Enquanto isso, a empresa prevê gastar mais R$ 10 bilhões na implantação dos sistemas de esgotamento sanitário nos oito municípios limítrofes da baía até 2033, prazo previsto em contrato para a universalização dos serviços.

A qualidade das praias do Rio de Janeiro como um todo continua muito abaixo das outras capitais litorâneas, mas neste ano houve uma melhora: 14% dos pontos de coleta foram considerados bons, marca superior à média de 8% registrada entre 2016 e 2019 (sem contar os anos de pandemia).

A soma dos trechos ruins e péssimos da cidade, impróprios para banho em mais de 25% das medições, também diminuiu de 61% para 58% na mesma comparação. Além das praias de Paquetá e Ilha do Governador já citadas, contribuíram para a melhora trechos da zona sul.

São Conrado, próxima à favela da Rocinha, ficou regular após seis anos como péssima ou ruim. Já a praia do Diabo, ao lado da turística pedra do Arpoador, e a porção de Copacabana mais perto do Leme passaram de regular, no ano passado, para boa neste ano.

Com relação ao estado fluminense, é mais difícil fazer essa análise porque quase um terço dos pontos continua sem monitoramento, incluindo em Angra dos Reis e Paraty, que chegam ao terceiro ano sem saber a qualidade do seu mar —o Inea diz que está retomando as medições gradativamente.

"Eu trabalho na região de Angra e você vê que estão cometendo os mesmos erros da baía de Guanabara na baía de Ilha Grande, a última das baías protegidas.

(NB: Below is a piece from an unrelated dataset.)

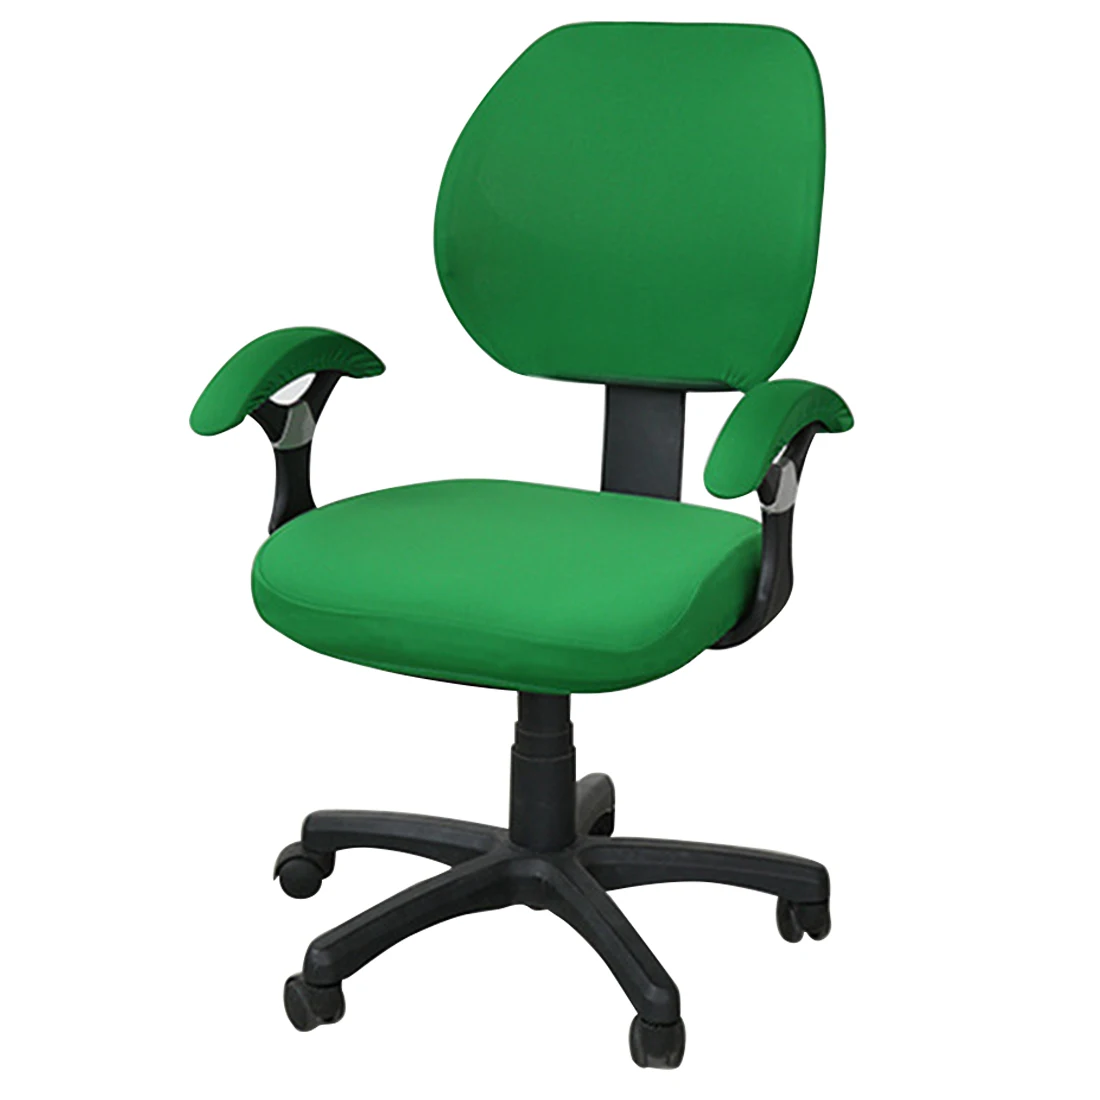 Горячая покрытия для офисных стульев спандекс компьютерное кресло подлокотник чехол цветочный принт Съемный вращающийся стрейч чехлы для стульев - Цвет: green

Áreas densamente habitadas, de baixa renda, com tratamento de esgoto ainda baixo", alerta o biólogo Moscatelli.

Ele diz ter expectativas positivas em relação às mudanças no saneamento básico, mas afirma não estar tão otimista quanto ao outro protagonista da poluição dos corpos hídricos: as políticas públicas de habitação e ordenação do uso do solo.

"A baía de Guanabara é o paciente que está na UTI quase morrendo. Ele começa a mexer o dedo do pé, da mão, abre o olho, mas continua na UTI", ilustra.